1 ... Bobbin, 2 ... Bobbin shaft, 3 ... Flyer, 3a ... Flyer inlet, 3b ... Flyer outlet, 4a ... Central wire strand, 4b-4j ... Wire strand, 4k ... Central wire strand,
5 ... Stranded wire, 6 ... Rotary encoder, 7 ... Bobbin drive mechanism, 8 ... Automatic control device, 9 ... Flyer drive mechanism, 10 ...
Non-contact type distance sensor, D ... Winding diameter of stranded wire wound on bobbin, L ... Detection distance of non-contact distance sensor, Nb ... Rotation direction and rotation speed of bobbin, Nf ... Rotation direction and rotation speed of flyer, V: Wire traveling speed.

Claims (5)

[Claims] 1. A plurality of wires are supplied to an inlet side of a flyer, and while the plurality of wires are paid out from an outlet of the flyer, the flyer is rotated at a rotation speed Nf, and from the outlet of the flyer. A bobbin that winds a plurality of wires that are fed out, in the same direction as the flyer,
A litz wire twisting method for twisting a plurality of wires by rotating at a rotation speed Nb such that Nb <Nf, wherein at least one of the plurality of wires supplied to the flyer has a speed of the wire. The traveling speed V is detected, the differential speed Nf-Nb between the rotational speed Nf of the flyer and the rotational speed Nb of the bobbin is calculated, and the ratio between the differential speed Nf-Nb and the traveling speed V is made constant.

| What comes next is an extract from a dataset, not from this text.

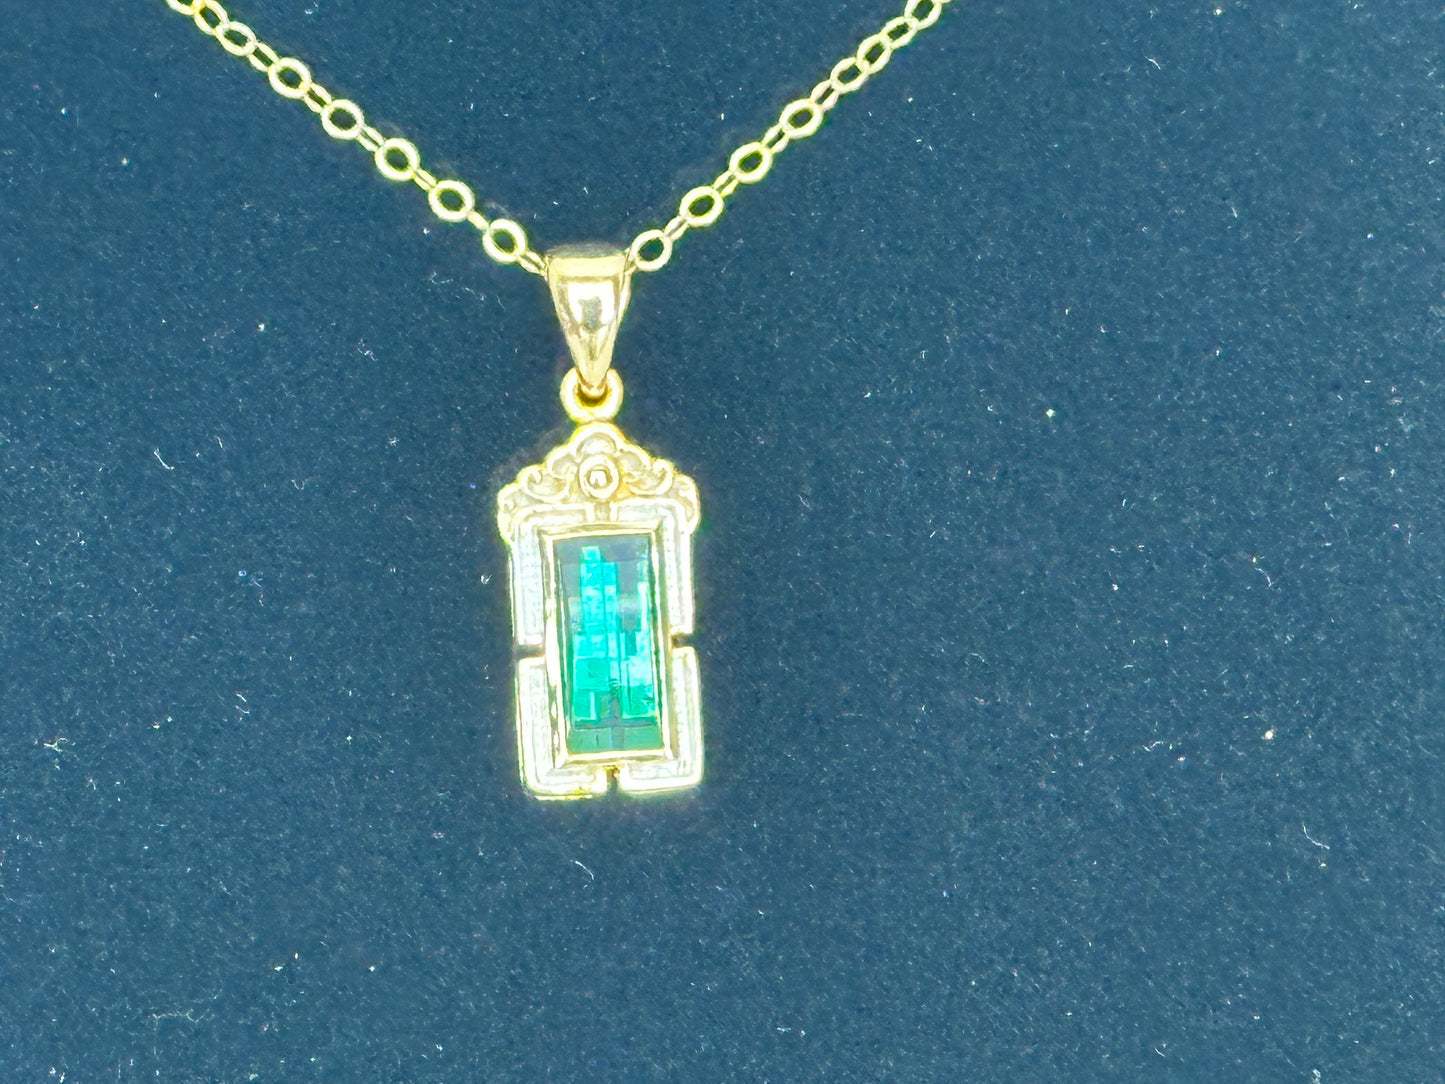 A blue/green Tourmaline mounted in a hand crafted 14K Gold pendant

A litz wire twisting method, characterized in that at least one of the rotational speed Nf of the flyer and the rotational speed Nb of the bobbin is controlled so as to keep it. 2. A plurality of wires are supplied to the inlet side of the flyer, and while the plurality of wires are fed from the outlet of the flyer, the flyer is rotated at a rotation speed Nf, and from the outlet of the flyer. A bobbin that winds a plurality of wires that are fed out, in the same direction as the flyer,
In the litz wire twisting method of twisting the plurality of wires by rotating at a rotation speed Nb such that Nb <Nf, the diameter dimension D of the uppermost layer of the twisted wire wound around the bobbin is not contacted. And the linear velocity V'of the wound and twisted wire is calculated based on the bobbin rotational speed Nb and the diameter D, and the flyer rotational speed Nf and the bobbin rotational speed are calculated. The differential speed Nf-Nb with Nb is calculated, and the rotational speed Nf of the flyer and the rotational speed Nb of the bobbin are controlled so that the ratio between the differential speed Nf-Nb and the linear speed V'is kept constant. A method for twisting a litz wire, which comprises controlling at least one of them. 3. A flyer that collectively feeds a plurality of supplied wires, a flyer drive mechanism that supports and rotates the flyer, a bobbin that winds the wire that is fed from the flyer, and a bobbin that supports the bobbin. A litz wire twisting device having a bobbin drive mechanism that rotates concentrically with the rotation axis of the flyer, a sensor that directly or indirectly detects the speed at which the wire passes through the flyer, and an output signal of the sensor. And an automatic control device for giving an operation command to the fly, the drive mechanism, and the bobbin drive mechanism to control the operation thereof,
And, the automatic control device controls the flyer drive mechanism and the bobbin drive mechanism so that the ratio of the speed difference between the rotation speed of the flyer and the rotation speed of the bobbin and the speed of the wire becomes constant. A twisting device for litz wire, which is characterized in that 4. The sensor for detecting the speed of the wire is a tachometer having a pulley around which at least one of the plurality of wires supplied to the flyer is wound. The litz wire twisting device according to claim 3. 5. The sensor for detecting the speed of the wire is a distance meter for non-contactly detecting the distance to the wire wound on the bobbin, and the automatic control device is the above-mentioned. The litz wire twisting device according to claim 3, which has a function of calculating the speed of the wire wound around the bobbin based on the detection signal of the range finder.